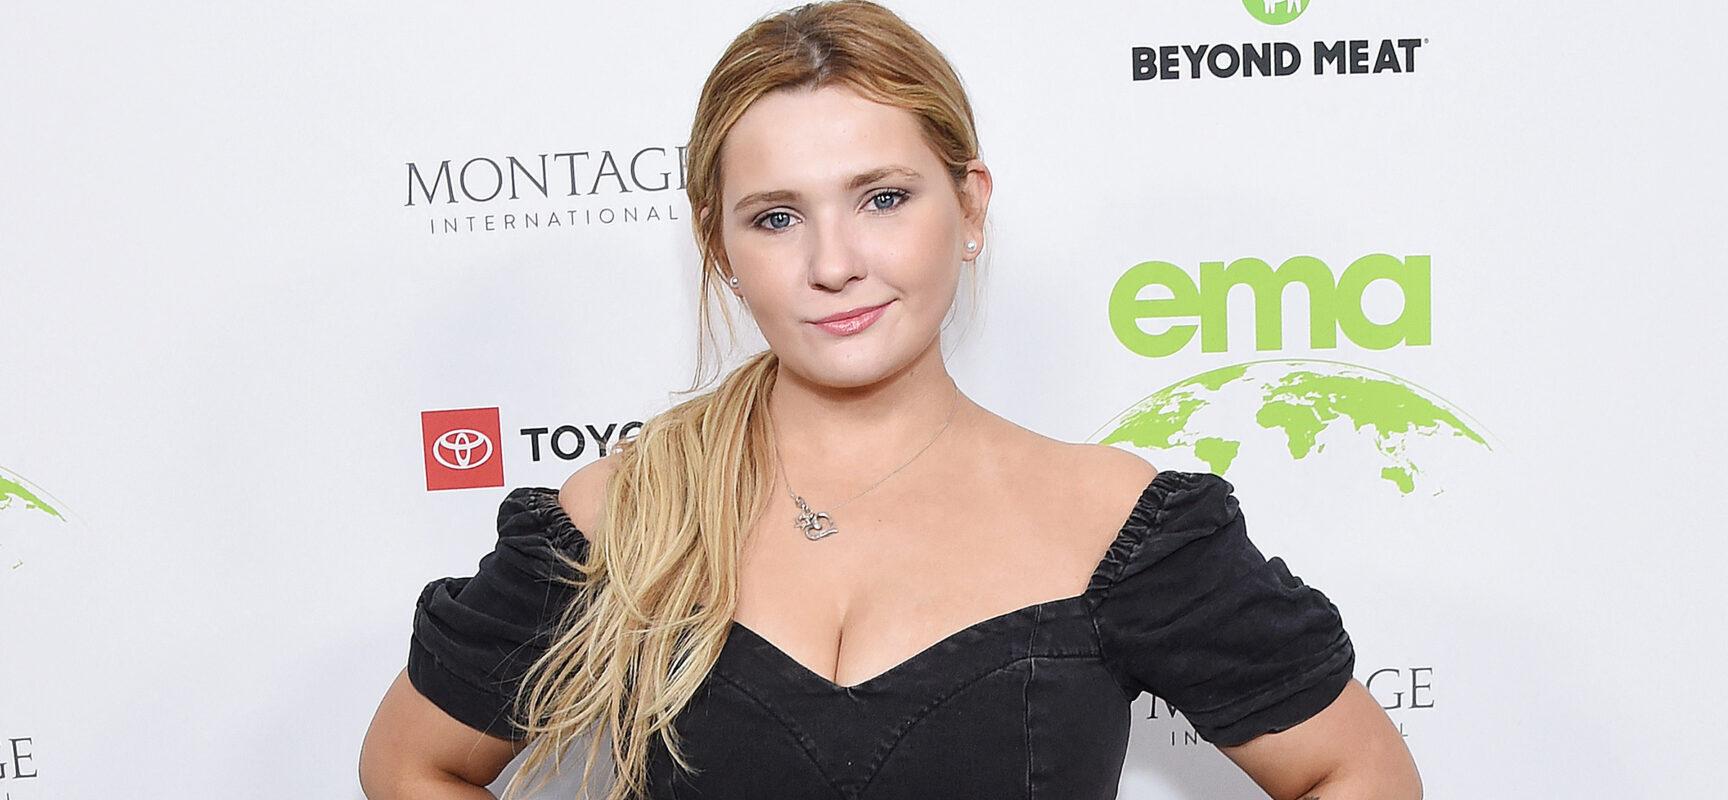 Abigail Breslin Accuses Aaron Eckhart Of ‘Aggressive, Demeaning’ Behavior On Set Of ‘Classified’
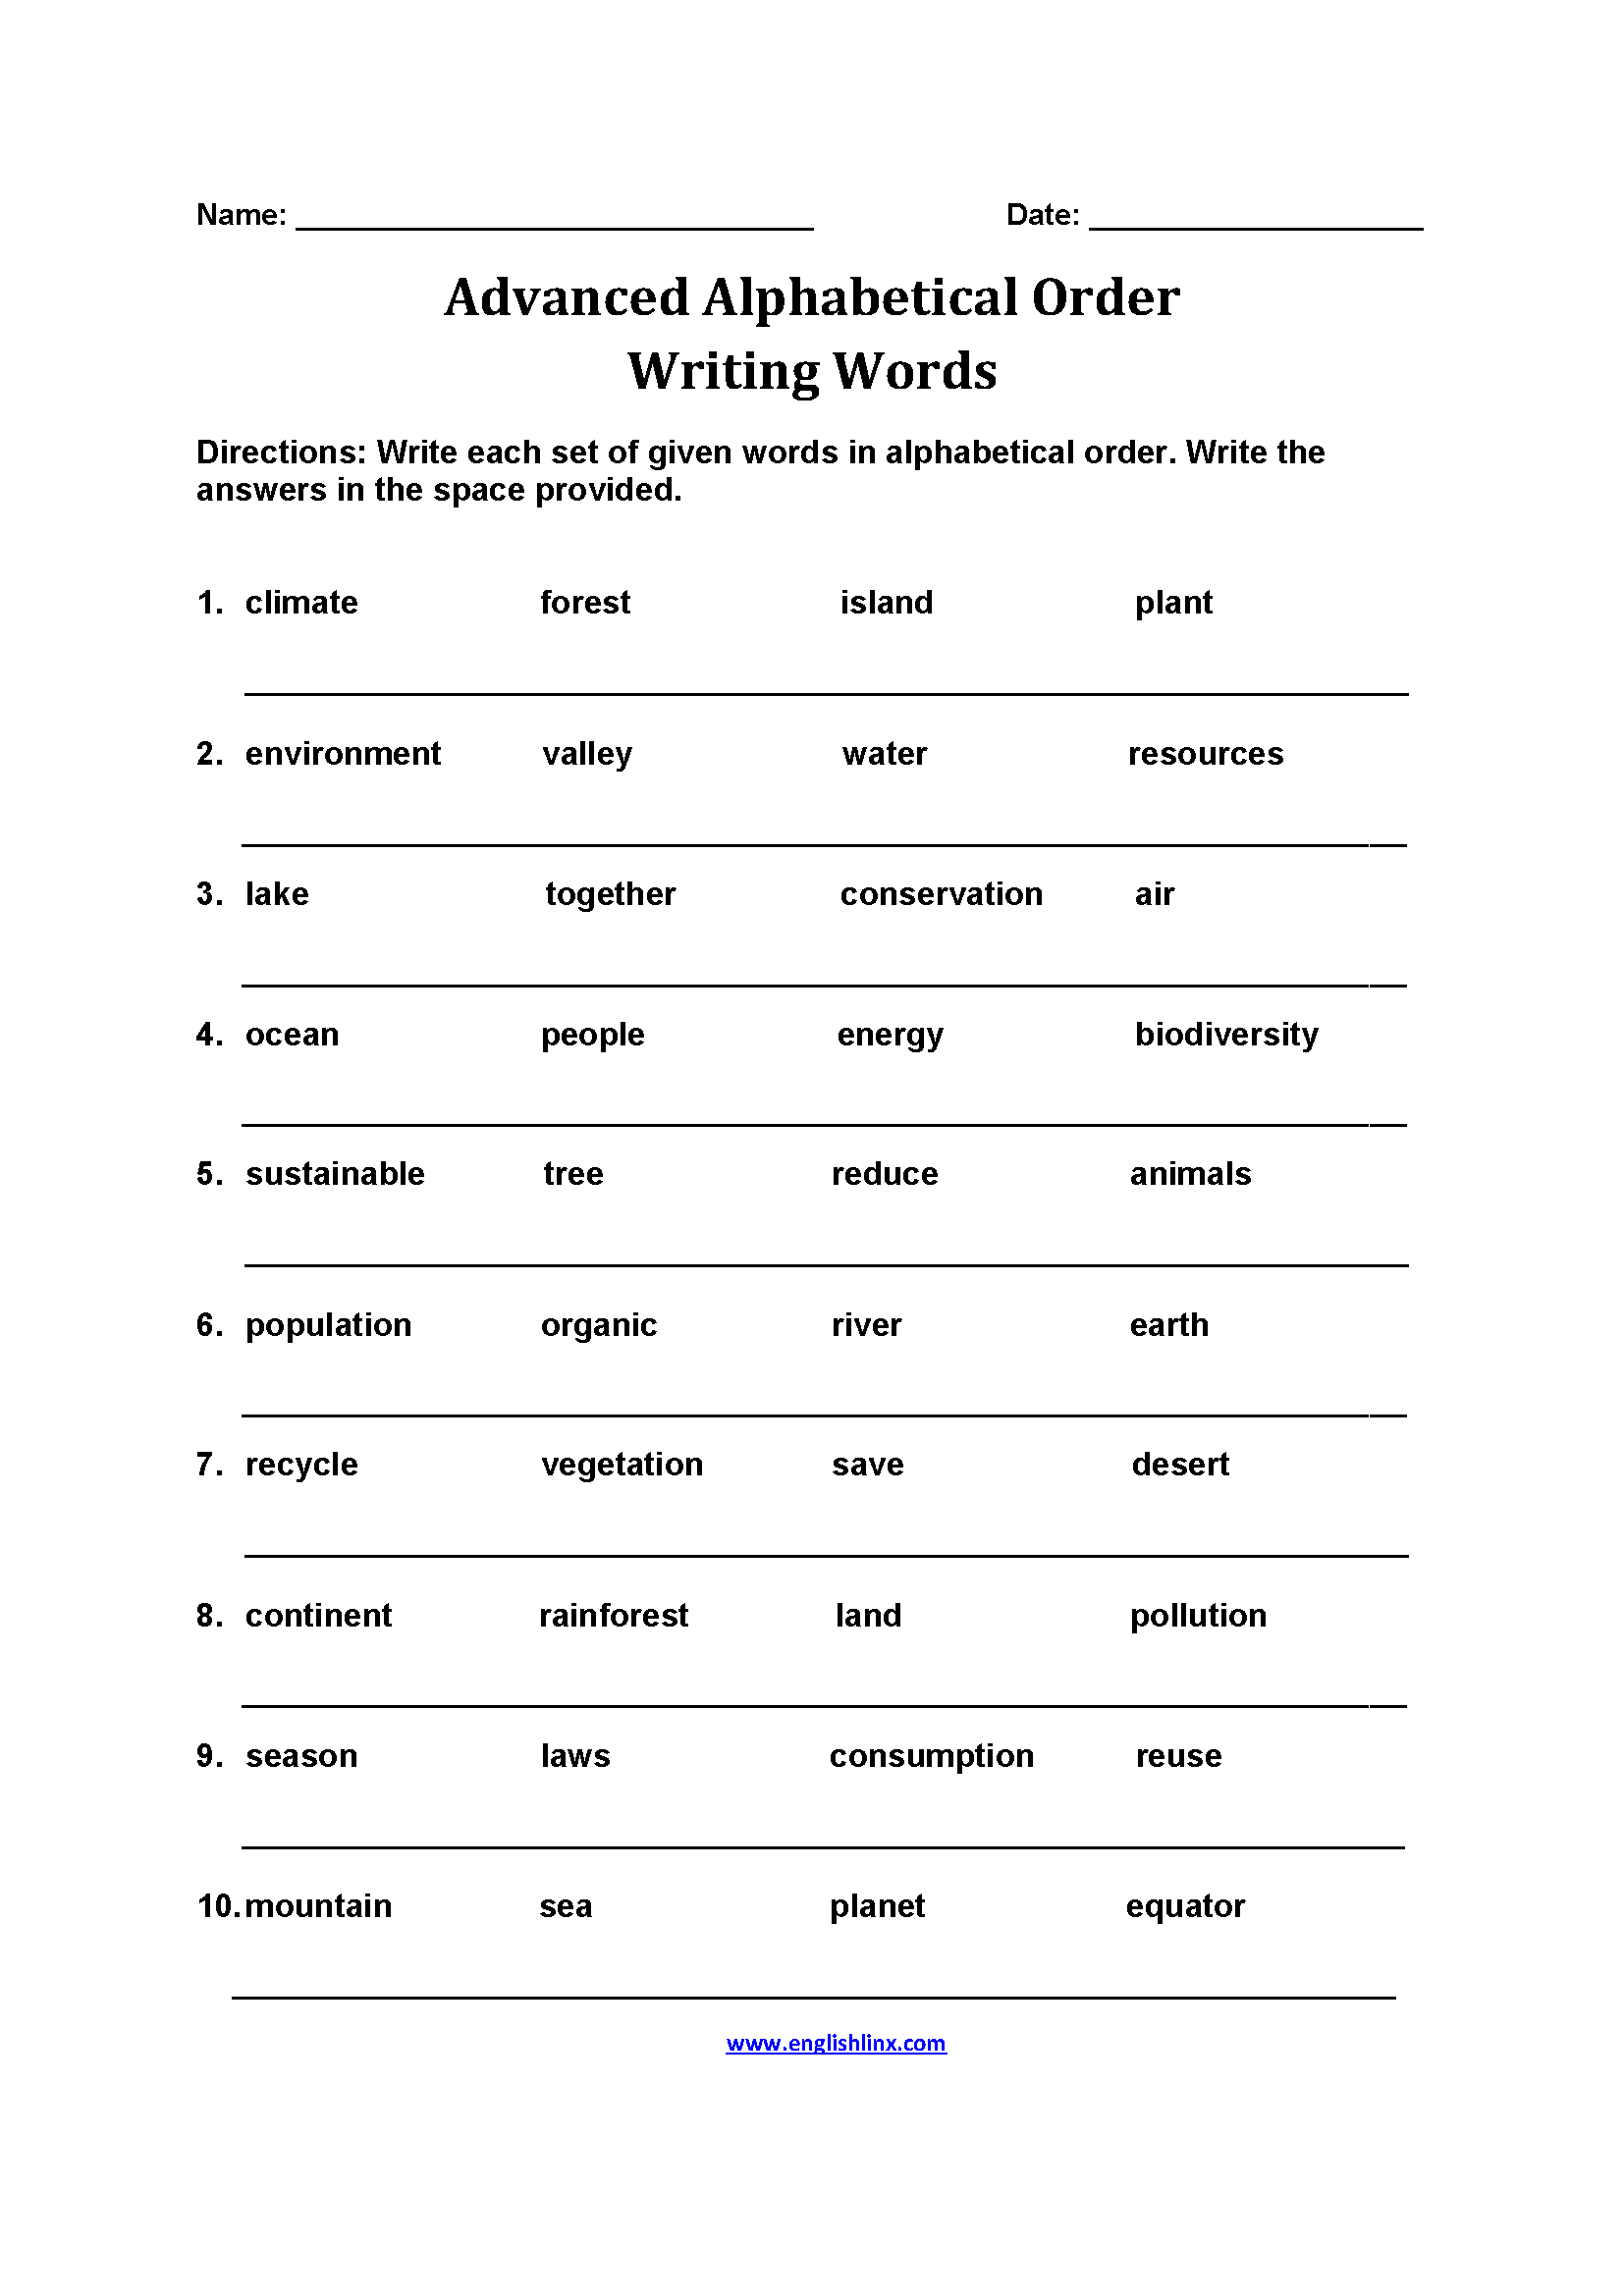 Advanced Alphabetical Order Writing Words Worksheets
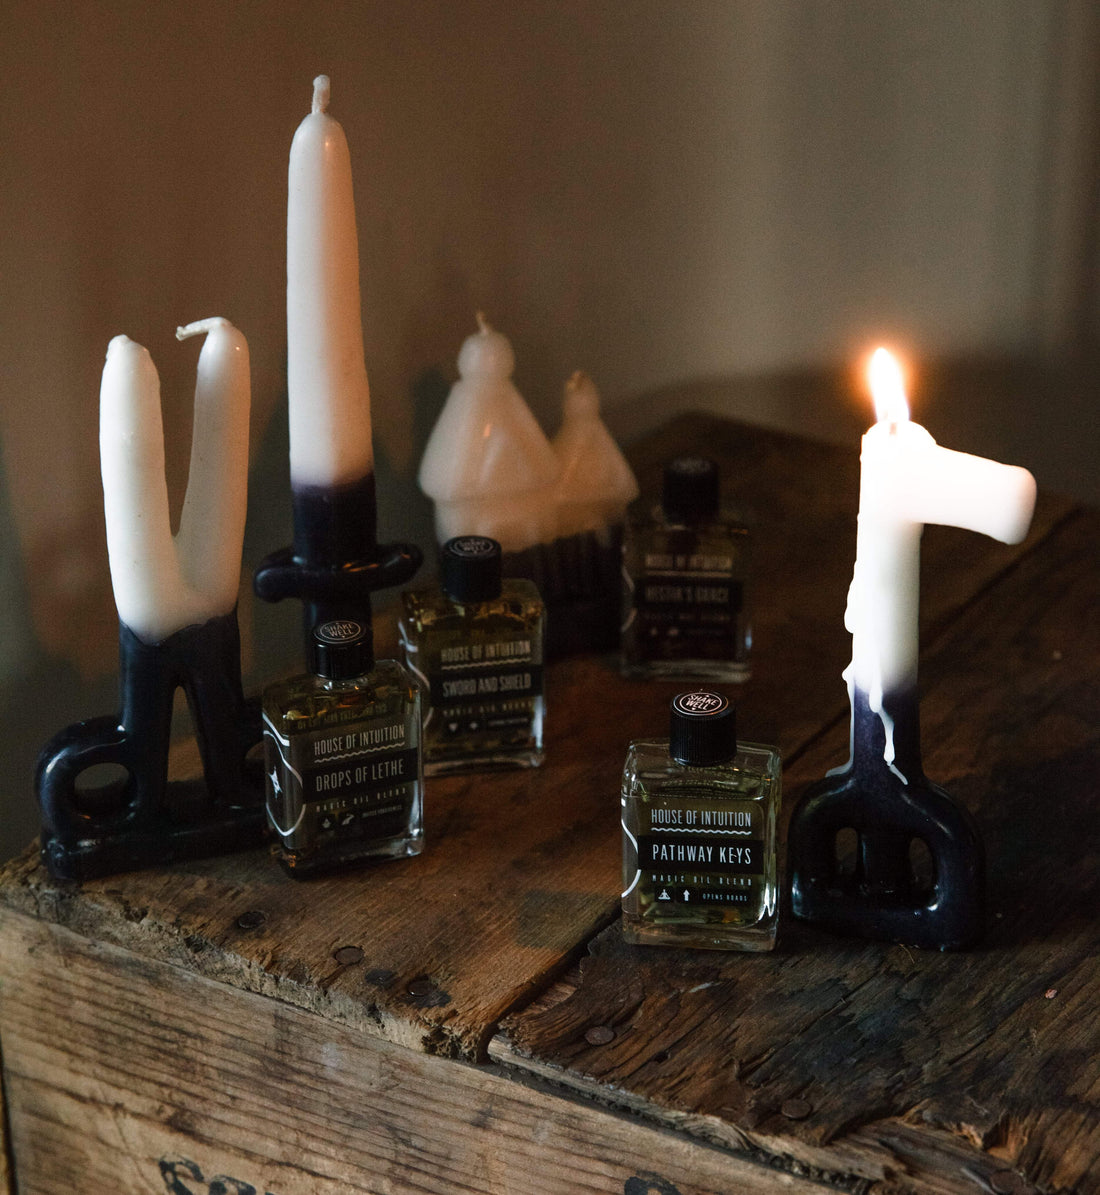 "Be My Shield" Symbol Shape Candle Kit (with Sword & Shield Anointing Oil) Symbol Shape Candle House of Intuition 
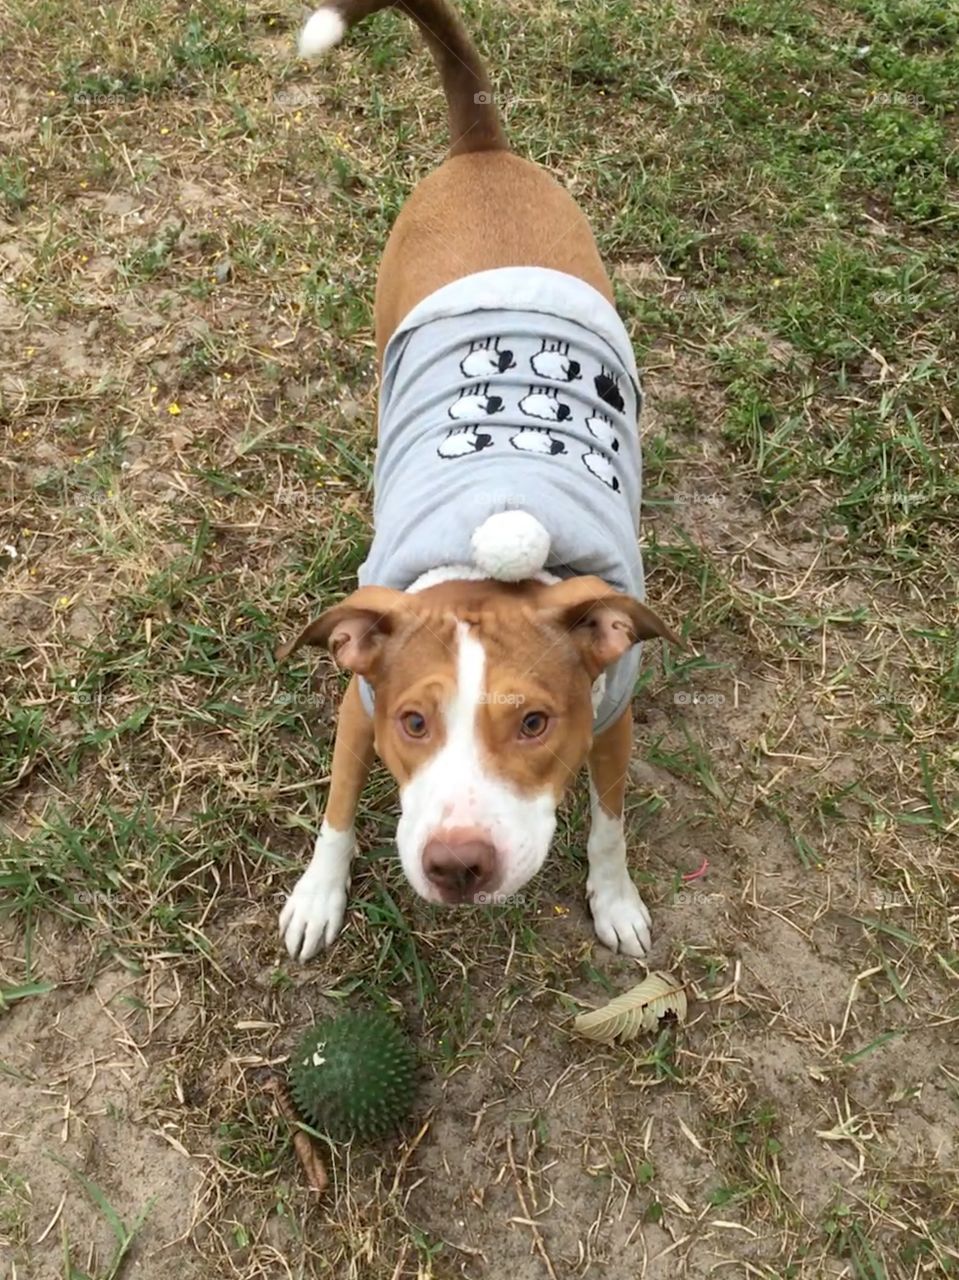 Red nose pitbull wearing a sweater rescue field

+++++

Exercise instructions:
A word-for-word repeat of the lines from the line with "Advanced Alphabetical Order" to the last line of the data, both ends included and pictures left out, is all that should appear.

Response to this exercise:
 Advanced Alphabetical Order Writing Words Worksheets
 "Be My Shield" Symbol Shape Candle Kit (with Sword & Shield Anointing Oil) Symbol Shape Candle House of Intuition 
 Red nose pitbull wearing a sweater rescue field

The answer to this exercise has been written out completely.